On 07/31/2015 12:55 PM, Ricordisamoa wrote:
Hi Subbu,
thank you for this thoughtful insight.
And thank you for starting this thread. :-)
HTML is not a barrier by itself. The problem seems to
be Parsoid being
built primarily with VisualEditor in mind.
While we want the DOM to be VE-friendly, we definitely don't want the
DOM to be VE-centric and that has been the intention from the very
beginning. Flow, CX also use the Parsoid DOM for their functionality.
There are other users too [1]. We definitely want Parsoid's output to be
useful and usable more broadly as the canonical output representation of
wikitext and are open to fixing whatever prevents that.
As Scott noted in the other email on the thread, inspired (and maybe
challenged by :-) ) by mwparserfromhell's utilities, he has already
whipped out a layer that provides an easier interface for manipulating
the DOM.
It is not clear to me how can a single DOM serving
both view and edit
modes avoid redundancy.
You are right that there are some redundancies in information
representation (because of having to serve multiple needs), but as far
as I know, it is mostly around image attributes. If there is anything
else specific (beyond image attributes) that is bothering you, can you
flag that?
I see huge demand for alternative wikignome-style
editors. The more
Parsoid's DOM is predictable, concise and documented, the more users
you get.
I think Parsoid's DOM is predictable :-) but, can you say more about
what prompted you to say that? As for documentation, we document the DOM
we generate and its semantics here [2]. As for size, I just looked at
the Barack Obama page and here are some size numbers.
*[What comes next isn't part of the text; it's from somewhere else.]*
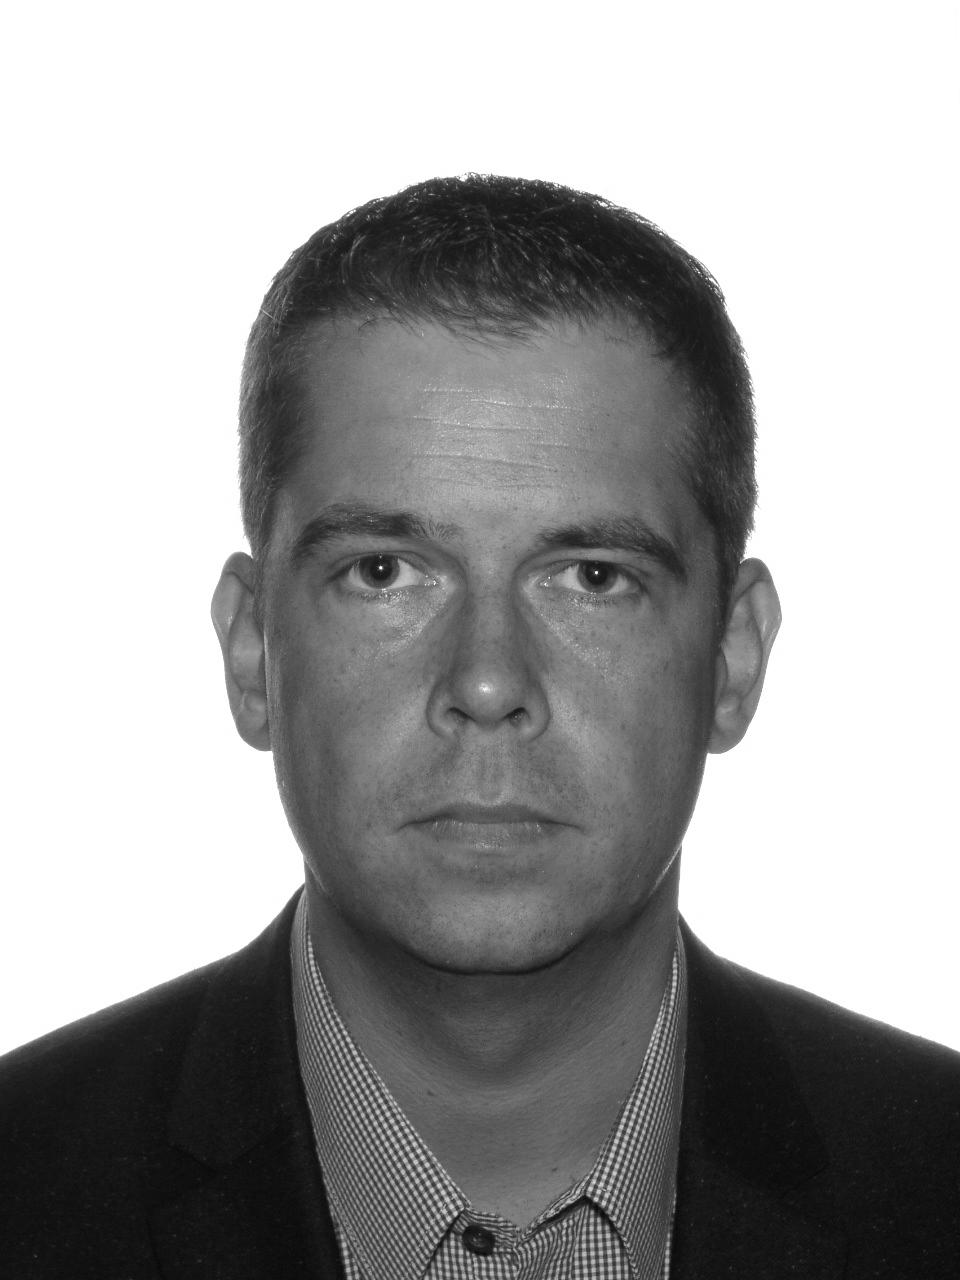 Marck Lyngø

1540407 /tmp/Barack_Obama.parsoid.html
1197318 /tmp/Barack_Obama.parsoid.no-data-mw.html
1045161 /tmp/Barack_Obama.php-parser.output.footer-stripped.html
Right now, because we inline template and other editable information (as
inline JSON attributes of the DOM), it is a bit bulky. However, we have
always had plans to move the data-mw attribute into its own bucket which
we might at some point in which case the size will be closer to the
current PHP parser output. If we moved page properties and other
metadata out, it will shrink it a little bit more.
For views that don't need to support editing or any other manipulation
or analyses, we can more aggressively strip more from the HTML without
affecting the rendering and get close to or even shrink the size below
the PHP parser output size (there might be use cases where that might be
appropriate thing to do). I could get this down to under 1M by stripping
rel attributes, element ids, and about ids for identifying template output.
But, for editing (not just in VE) use cases, because of additional
markup in place on the page (element ids, other markup for
transclusions, extensions, links, etc.), the output will probably be
somewhat larger than the corresponding PHP parser output. If we can keep
it under 1.1x of php parser output size, I think we are good.
I hope we can meet in the middle :-)
Please file bugs and continue to report things that get in the way of
using Parsoid.
Subbu.
[1]
https://www.mediawiki.org/wiki/Parsoid/Users
[2]
http://www.mediawiki.org/wiki/Parsoid/MediaWiki_DOM_spec